> **TASK STATEMENT**:
From the line that contains "Night Light Projector" through the line that contains "Lexmark X3550 manual", output every line of the listing below exactly and leave out all the rest.

> **RECORDS SHOWN**:
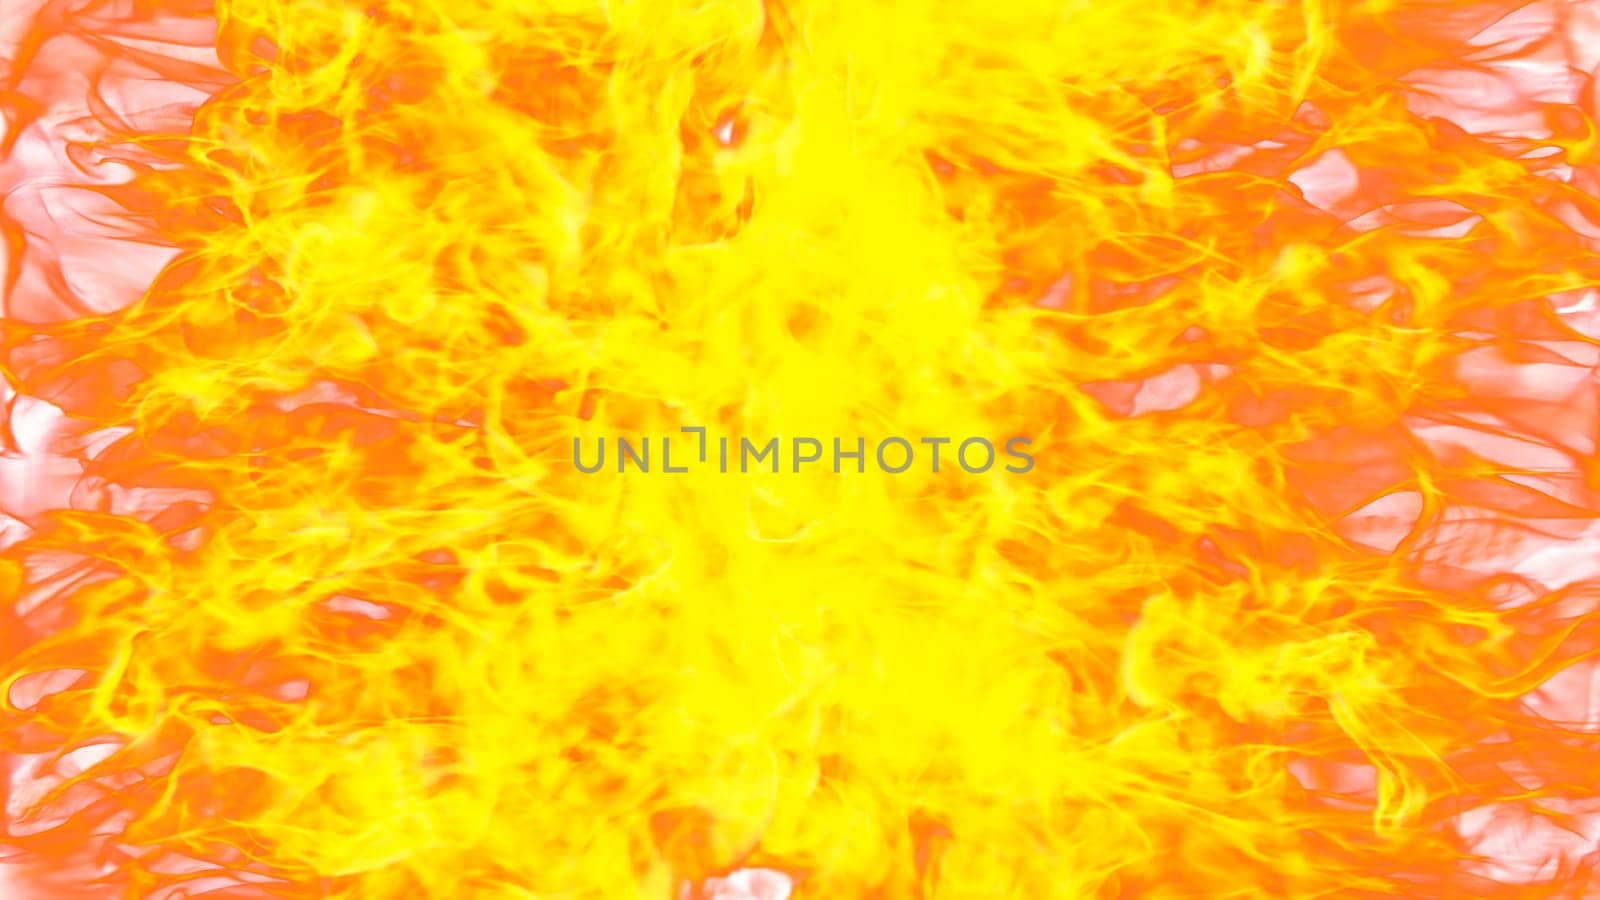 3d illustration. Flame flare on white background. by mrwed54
--
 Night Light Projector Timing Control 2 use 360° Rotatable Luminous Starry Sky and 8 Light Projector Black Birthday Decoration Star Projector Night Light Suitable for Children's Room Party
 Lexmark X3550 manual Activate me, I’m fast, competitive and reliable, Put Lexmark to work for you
--
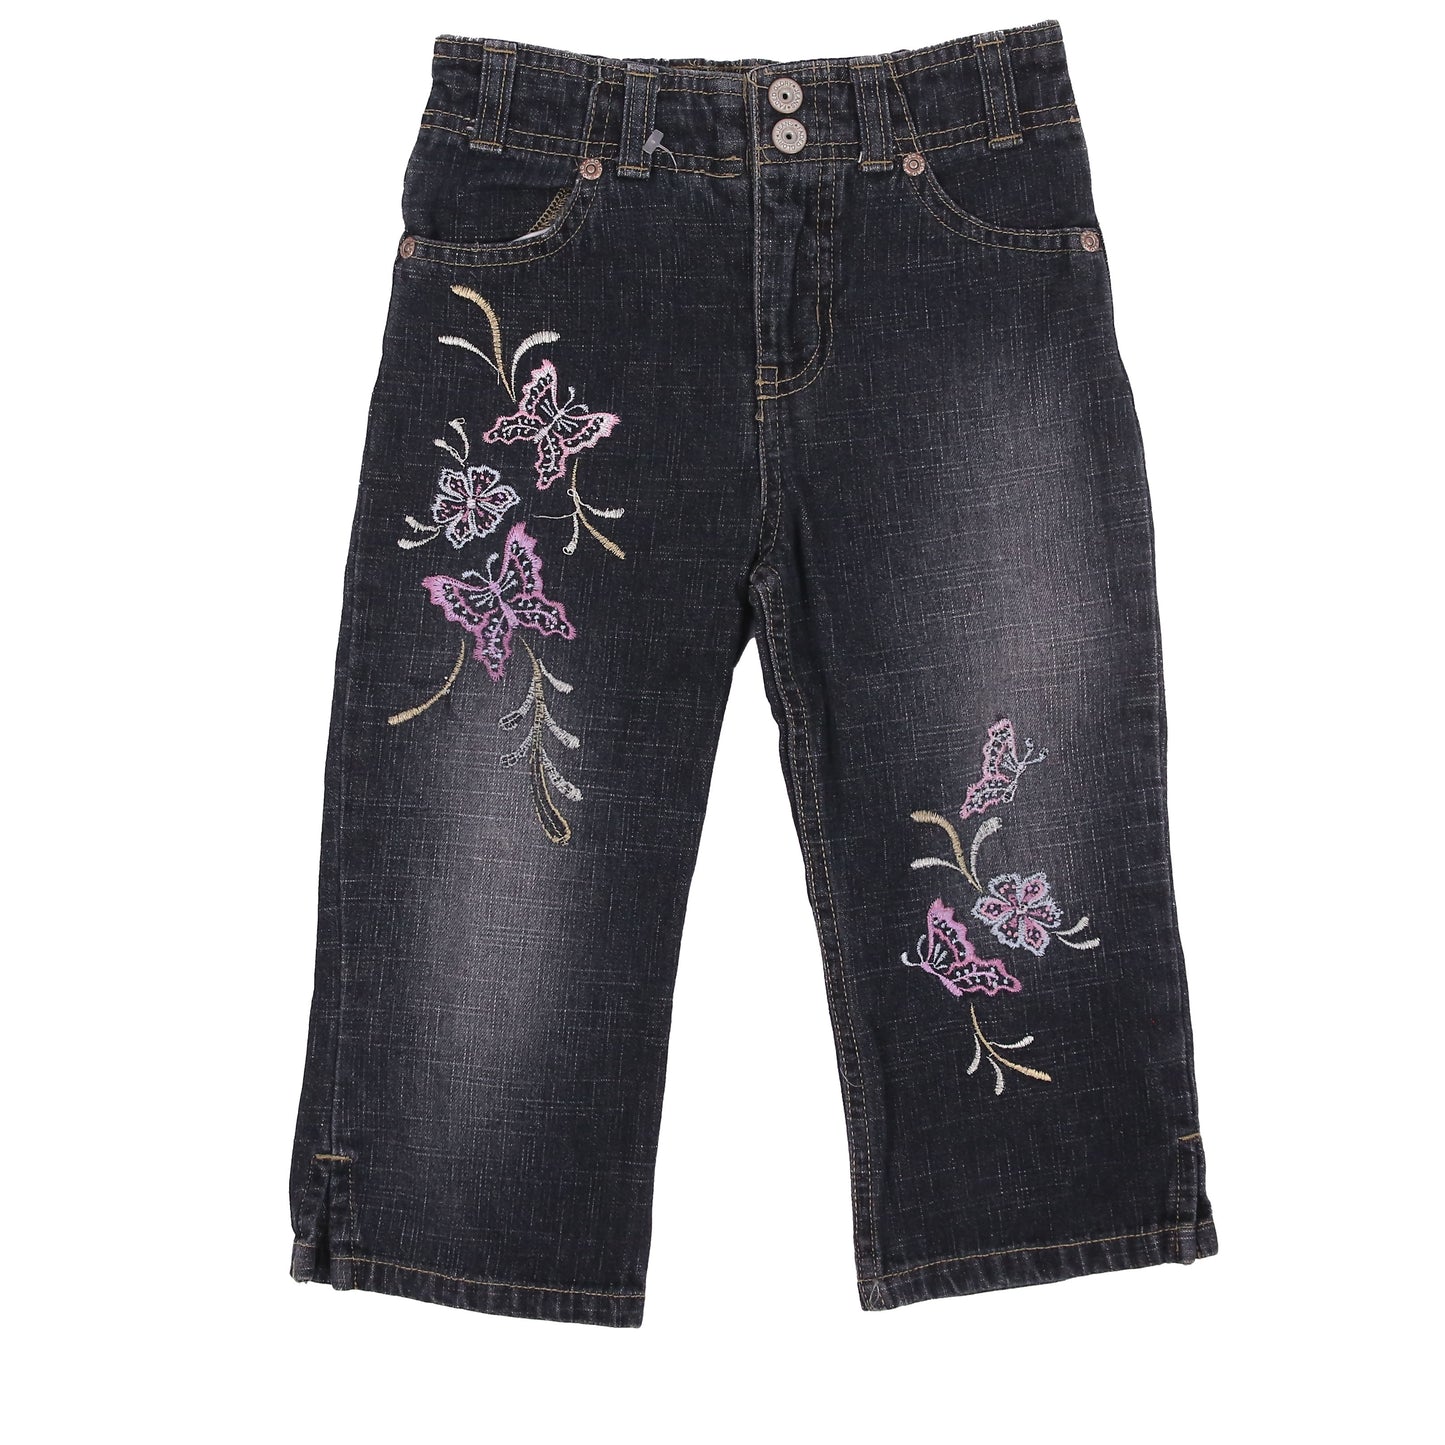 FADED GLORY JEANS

> **OUTPUT OF THE EXERCISE**:
 Night Light Projector Timing Control 2 use 360° Rotatable Luminous Starry Sky and 8 Light Projector Black Birthday Decoration Star Projector Night Light Suitable for Children's Room Party
 Lexmark X3550 manual Activate me, I’m fast, competitive and reliable, Put Lexmark to work for you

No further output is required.